2-very ampleness for adjoint bundles of ample and spanned vector bundles on surfaces (Q1365446)

Let \({\mathcal E}\) be an ample and spanned vector bundle of rank \(r\geq 2\) on a smooth complex projective surface \(X\). The 2-very ampleness of the adjoint line bundle \(K_X +\text{det }{\mathcal E}\) is investigated. In particular, under the assumption that \(c_1({\mathcal E})^2\geq 16\), the exceptions to the 2-very ampleness of the adjoint bundle are classified in the following cases: (i) \(r\geq 3\), and (ii) \(r\geq 2\) with \({\mathcal E}\) very ample.

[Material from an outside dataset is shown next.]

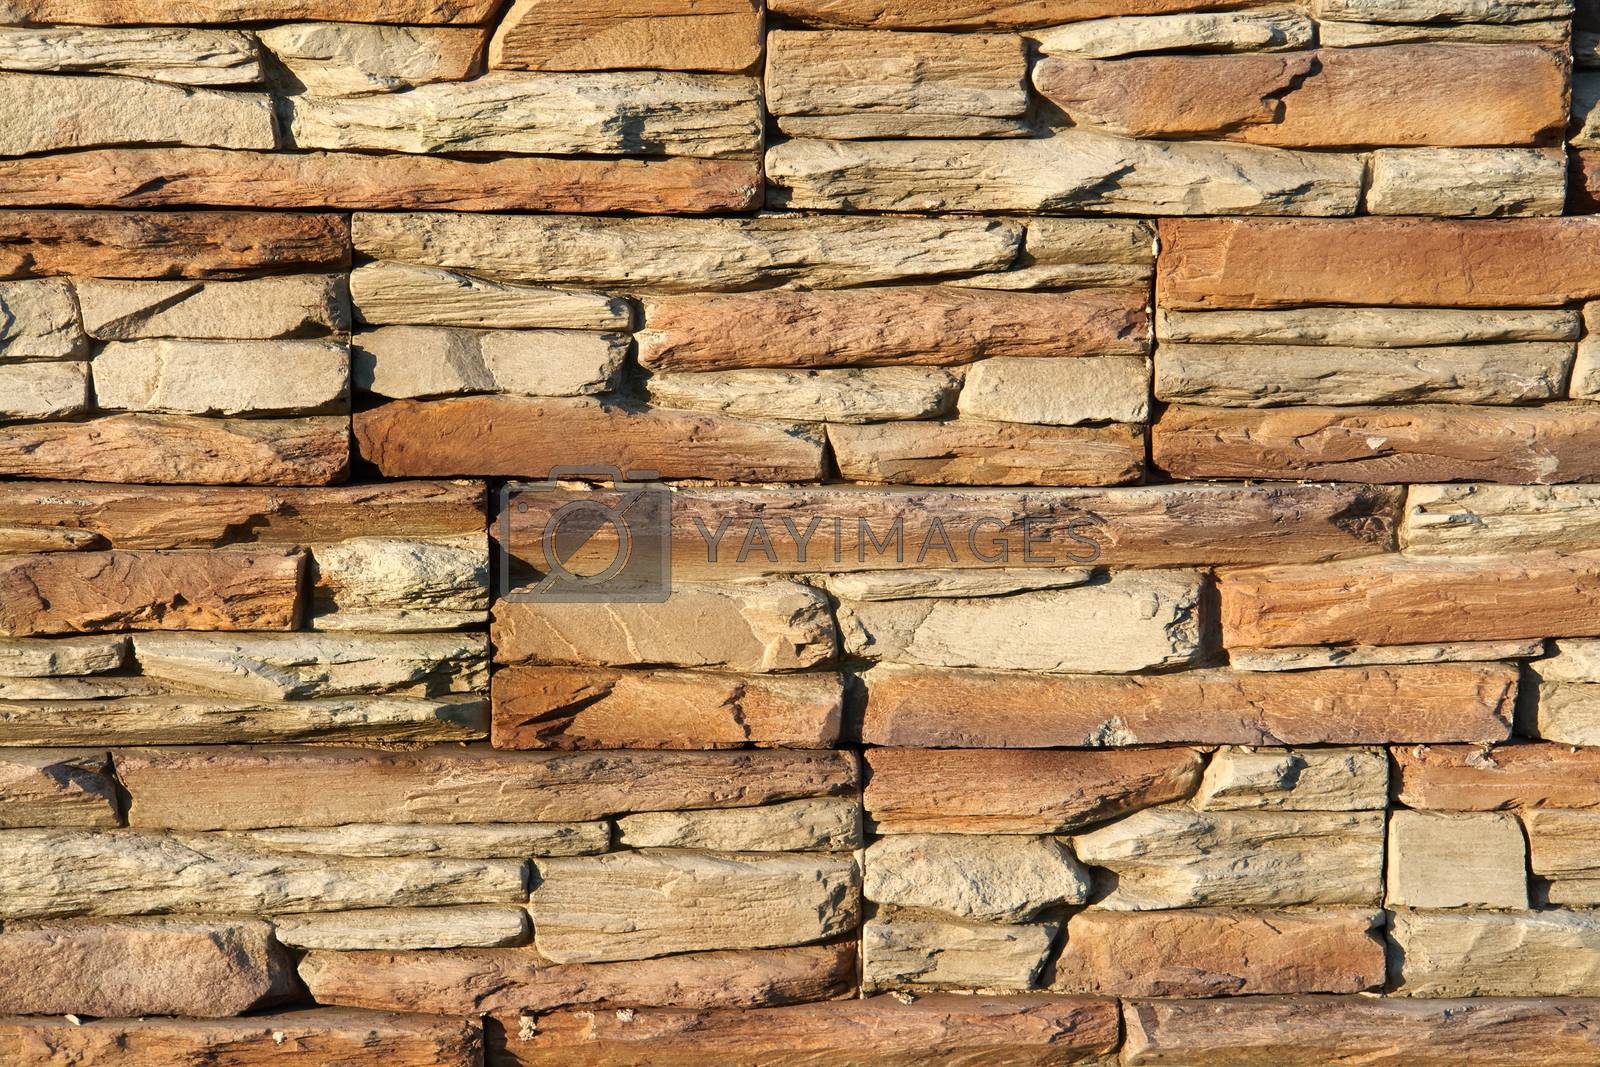 Royalty free image of Stone stucco wall by Ronyzmbow

We also prove the \(k\)-very ampleness of \(K_X+\text{det }{\mathcal E}\) for any ample and spanned vector bundle \({\mathcal E}\) of rank \(r\geq 2k\) \((\geq 4)\) with \(c_1({\mathcal E})^2\geq 4k+8\) except for \((X,{\mathcal E})\cong (\mathbb{P}^2,{\mathcal O}_{\mathbb{P}} (1)^{\oplus 4})\). In the general case when \(r=2\), in which the number of exceptions seems out of control, we produce several examples of pairs \((X,{\mathcal E})\) for which \(K_X+\text{det }{\mathcal E}\) is very ample but fails to be 2-very ample.